In Vitro Test Methodologies To Characterize Bioavailability Enhancing Formulations

By Aaron Stewart, Associate Principal Scientist, R&D and Dr. Deanna Mudie, Principal Scientist, R&D

Some of the most important technologies available to formulators are those that enhance bioavailability, given the large percentage of low-solubility compounds in today’s pharmaceutical pipelines. Some estimate that the percentage of compounds in Class II and IV of the Biopharmaceutical Classification System (BCS) is as high as 75%, making bioavailability enhancement key to the advancement of many new medicines.

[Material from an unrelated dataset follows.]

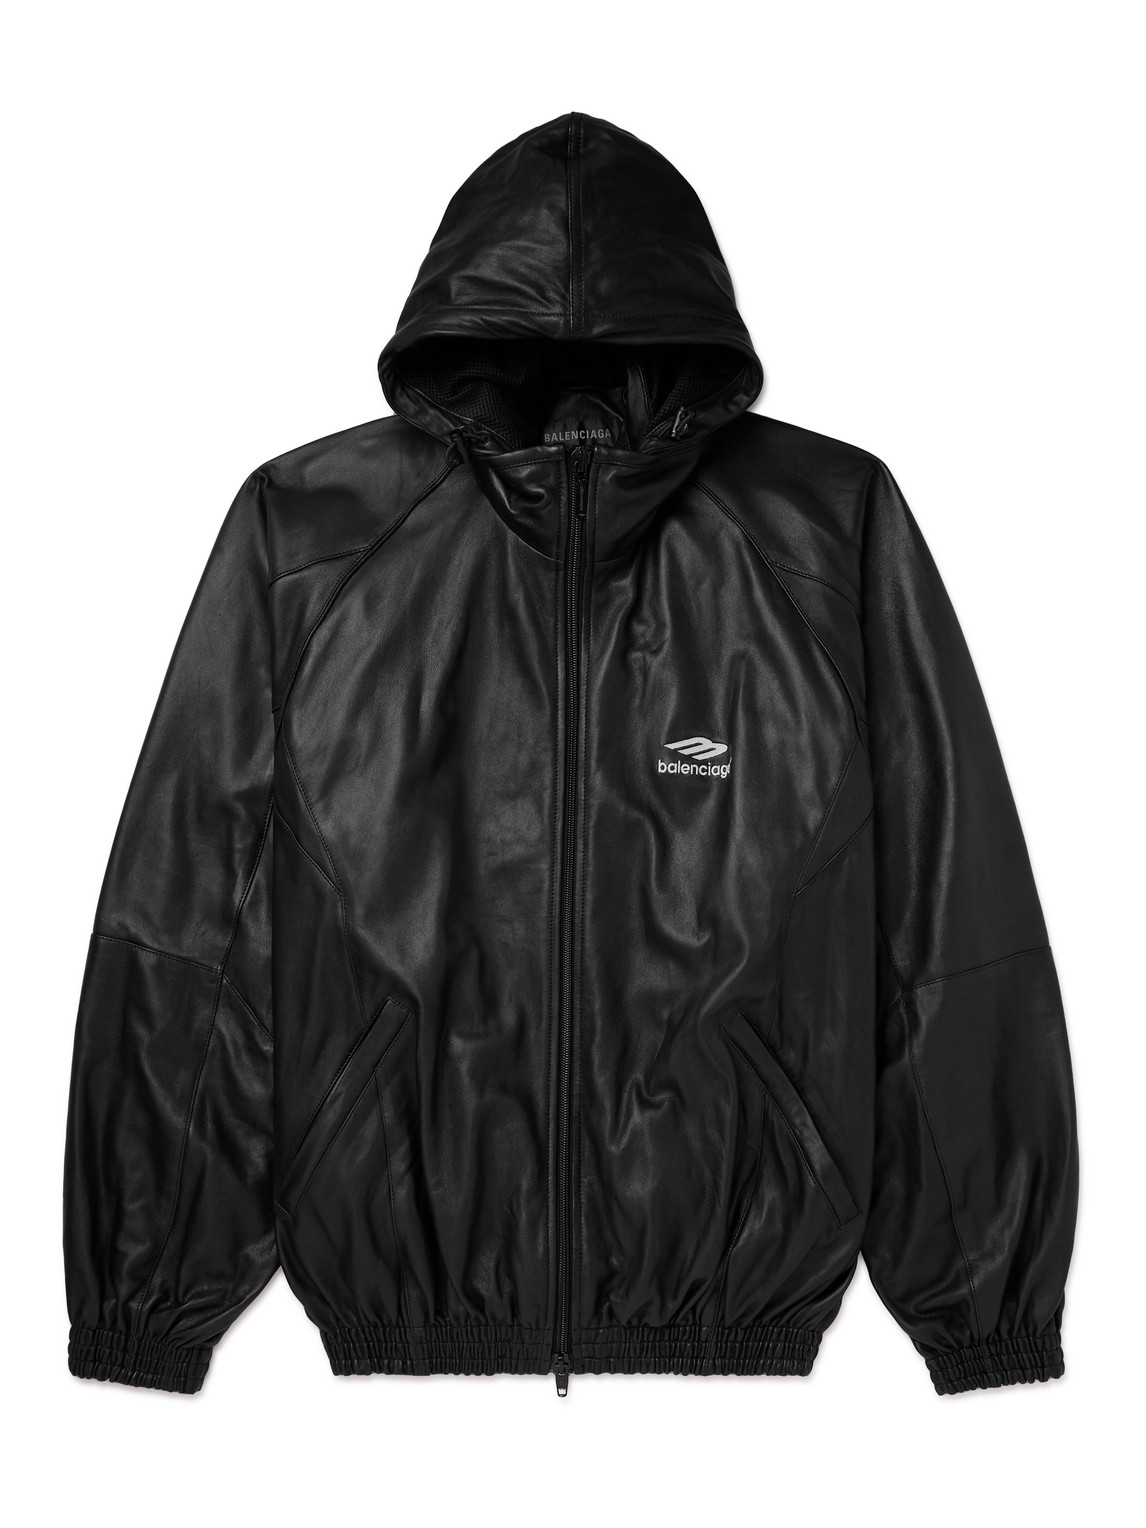 Balenciaga - Logo-Print Leather Hooded Jacket - Men - Black - 2 von Balenciaga

Formulators have many choices in their toolkit when it comes to bioavailability enhancement, so the tough call becomes which one to use for a given compound. Choices include (1) those that alter the form or particle size of the solid-state compound (such as solid amorphous dispersions, nanoparticles, and nanocrystals; (2) those that create new crystalline compounds (such as cocrystals and salts); and (3) those that rely on solvation or complexation (such as surfactants, cosolvents, and lipids).

Clearly, accurate comparison of formulation approaches early in the development process is crucial to avoid wasting valuable active pharmaceutical ingredient (API), time, and money. Methods are needed to pinpoint which formulation is best relative to other options and to ensure in vitro or in silico results accurately track with in vivo performance.

To address this need, Lonza has developed a full complement of tools that accurately predict the performance of bioavailability-enhanced formulations. With careful consideration of test methodology and design, Lonza’s scientists have bridged the gap between every compound being a “research project” to ensuring an efficient science-based testing platform is available to evaluate formulations.